Another response people have given to the speciesism charge is to claim that one has a moral intuition that humans count in a special way that animals don’t. To say that one has a moral intuition is to say that it just seems that there is a difference, without giving any specific difference, such as intelligence. This response assumes moral intuitions can be mistaken, but they still count as evidence. If this moral-intuition move works, one is not having a mere prejudice, holding a double standard, as someone who is a racist or sexist does. But why should moral intuitions have any moral weight? One answer is that you cannot do any moral philosophy without having some presumptive weight in favor of our moral intuitions?

  • Are pleasure and pain the only intrinsically good and bad things?

We’ve said that pleasure and pain are intrinsically good and bad. But are these mental states the only things that are intrinsically good and bad? According to a theory called hedonism the answer is yes. Hedonism is an appealing view because it offers a relatively simple and straightforward method for evaluating whether one’s life, or some part of it, has been good or whether some future choice should be made. What you do, is add up all the pleasures for the chunk of life that is being evaluated, subtract all the pains, and then see whether the balance is positive or negative. If it’s positive – there is more pleasure than pain – then the chunk of life that is being measured is good and worth having. If the balance is negative – there is more pain than pleasure – then the chunk of life that is being measured is bad and not worth having. The more positive the balance the better it is. And the more negative the balance the worse it is.

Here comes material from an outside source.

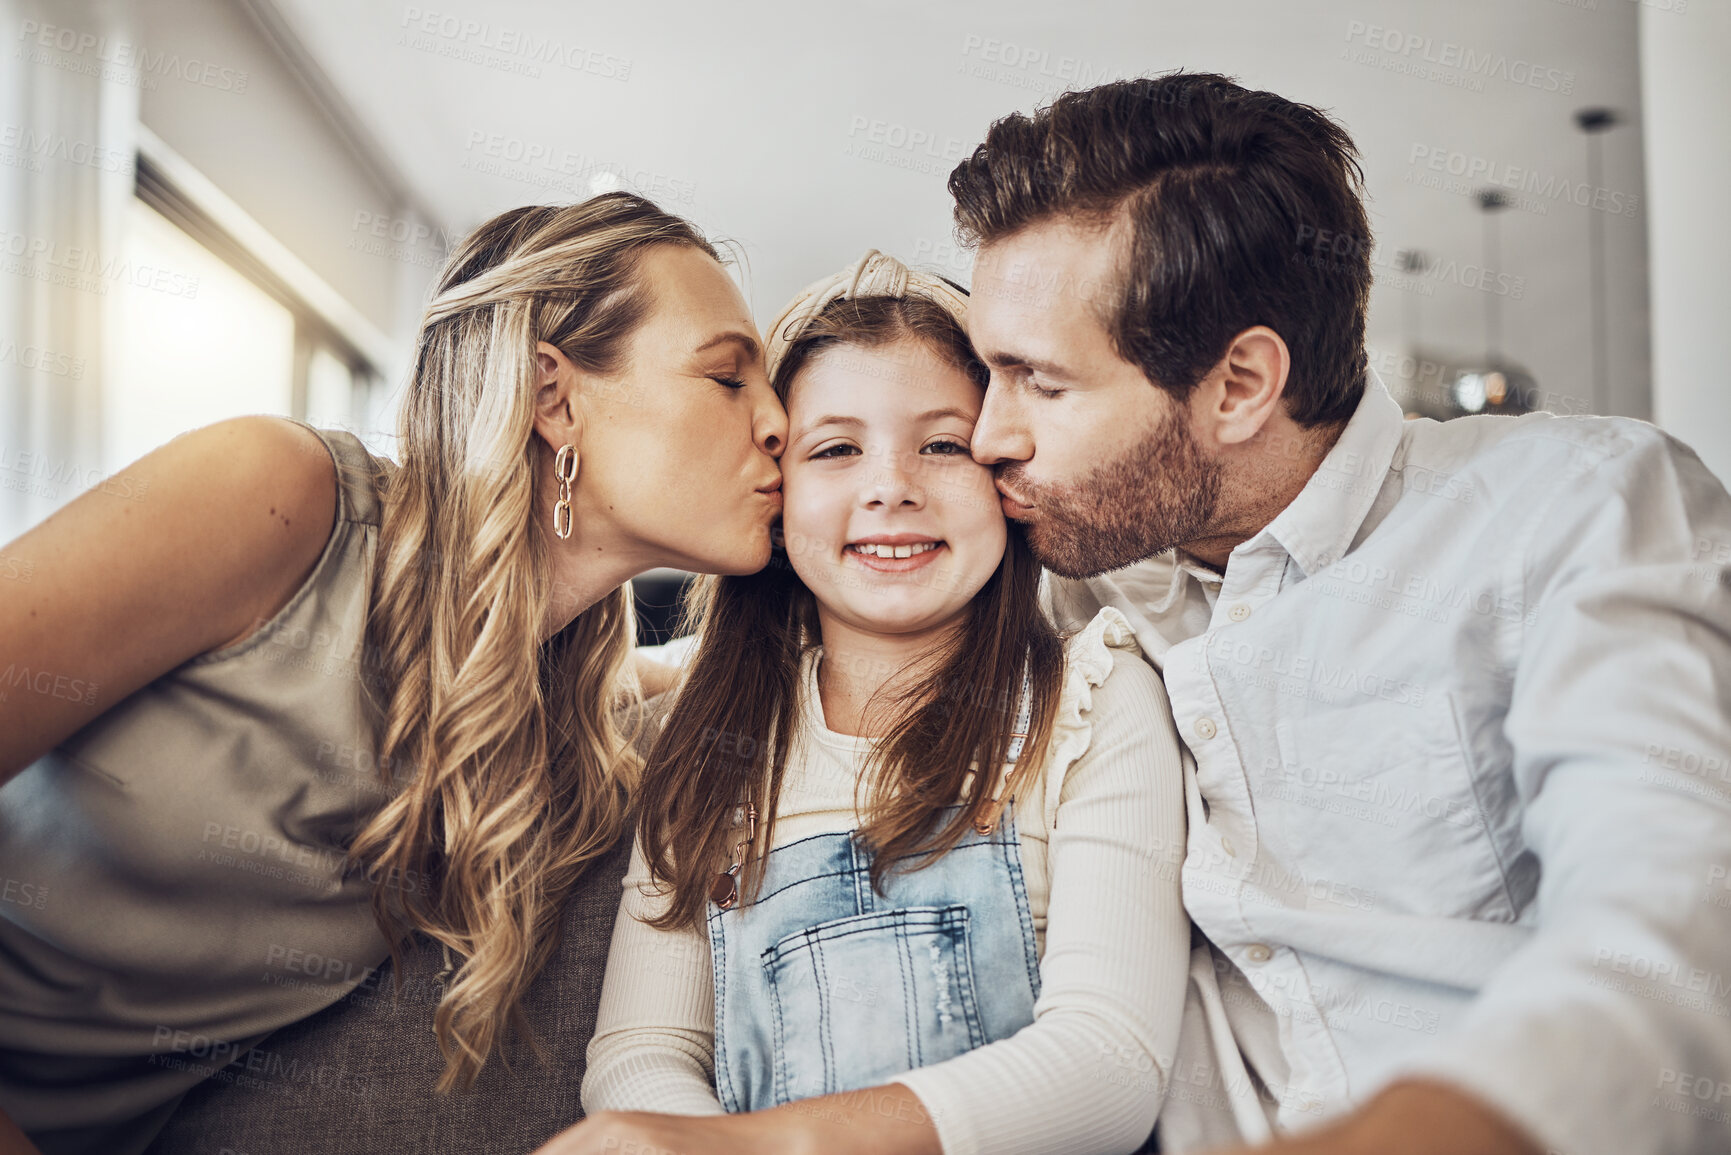 Buy stock photo Portrait, mother or father kiss a girl or child as a happy family in living room bonding in Australia with love or care. Relax, trust or parents smile with kid enjoying quality time on a fun holiday

Hedonism is a controversial view. There are many philosophers who reject it and give the following thought-experiment known as the experience machine as a reason why. Suppose there was a machine created by scientists that could stimulate your brain through electrodes and give you a completely realistic virtual experience of any scenario, so realistic that while hooked up to you couldn’t tell that it was virtual reality. If you were hooked up to this machine you would think and feel that you were actually experiencing whatever scenario the machine was generating for you. Moreover, while you’re hooked up to the machine you would not realize that you’re hooked up to it and you would forget your actual life and think the life you were experiencing was your actual life. Let’s suppose the virtual scenario the machine generates for you is one where you think and feel you have a great happy and healthy and loving family, wonderful friends, a great love life, lots of money, and a job where you will eventually be awarded the Nobel prize in medicine for discovering the cure for cancer. Let’s assume that in this virtual scenario you will experience some pain, but it won’t be horrible pain. For example, you might feel as if you’re spending many tedious hours working in the lab away from your family, getting into arguments with colleagues who think your research is stupid. But overall the net balance of pleasure to pain will be extremely positive, in fact so positive, that by hedonism standards, it’s the best possible life you could live. Remember that once you hook up to this experience machine, you will forget that you’re hooked up and the life that you once had outside of the machine. You will no longer be interacting with your real friends and real family. You will just be lying somewhere, maybe in a tank in a lab, being fed intravenously for the rest of your life. The question is, “Would you want to be hooked up to such a machine for the rest of your life?” If you answer no, as those who offer this thought experiment answer, then you cannot accept hedonism. After all, hedonism says that the pleasures and pains are the only things that matter when considering a life worth living, and when you’re hooked up to the experience machine you have all the best possible balance of these.

If you think hedonism is not correct, can you think of anything in addition to pleasure or pain that is intrinsically good or intrinsically bad? To answer this question, think about what you would lack if you were hooked up to the experience machine for the rest of your life.